= Henk de Jong (theologian) =

Dutch minister and theologian

Henk de Jong (8 February 1932 – 21 March 2023) was a Dutch minister, theologian, and biblical scholar.

He was born in Alblasserdam and studied at the Theological College in Kampen and the University of Leiden. He became a minister in the Reformed Churches in the Netherlands (Liberated) but was suspended at the time of the denominational split that formed the Netherlands Reformed Churches and he left to join that body in 1968.

de Jong was involved in theological education from 1969 to 1998 through the Theological Study Advice Service (Theologische Studiebegeleiding), which in 2006 became the Netherlands Reformed Pastor Training (Nederlands Gereformeerde Predikantenopleiding), a seminary programme operating in conjunction with the Theological University of Apeldoorn.

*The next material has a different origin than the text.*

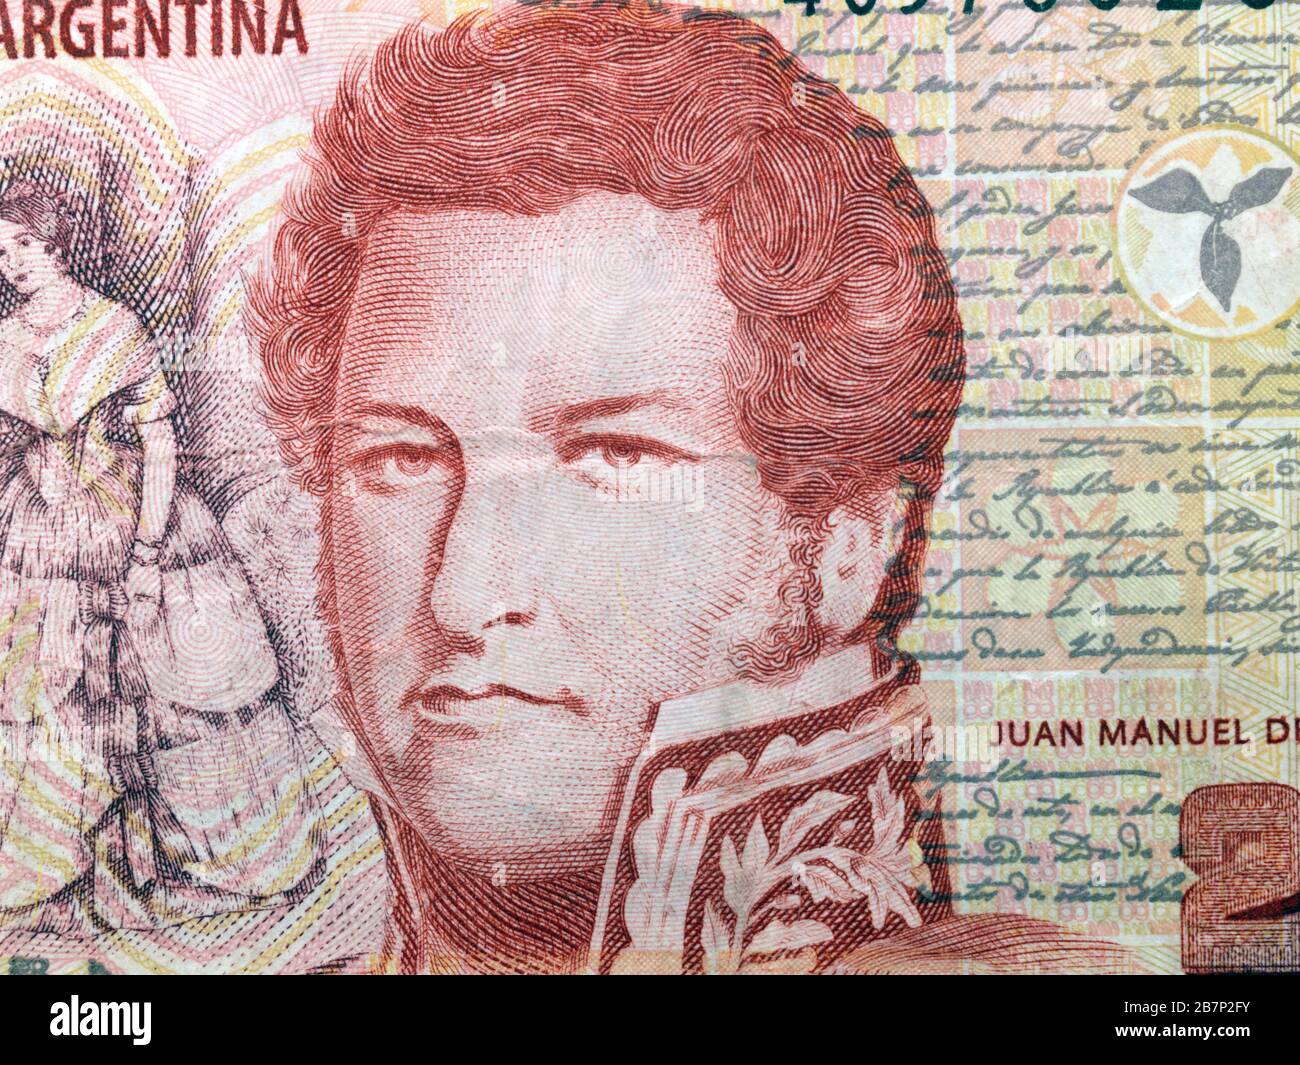 Banco de la República Argentina veinte Pesos Banknotte representando a Juan Manuel de la Rosas 1793-1877 líder político y militar argentino que era Gove Foto de stock

de Jong wrote a number of books, the most significant of which was Van oud naar nieuw: de ontwikkelingsgang van het Oude naar het Nieuwe Testament [From old to new: The development from the Old to the New Testament] (2002). In it he argued that the Davidic covenant was a strengthening of the Mosaic covenant, meant to anchor and reinforce it. de Jong rejected the inerrancy of Scripture and wrote in favour of homosexual relationships.

Koert van Bekkum and Eric Peels note that de Jong wrote a "remarkable MA thesis" on Old Testament biblical narrative in 1966, long before the ground-breaking studies of Robert Alter and J. P. Fokkelman. They note that he became "especially famous for his creative exegetical contributions to Reformed biblical theology," but suggest that "struggles in the Church frustrated his academic studies."

A professorial chair at the Theological University of the Reformed Churches is named in his honour.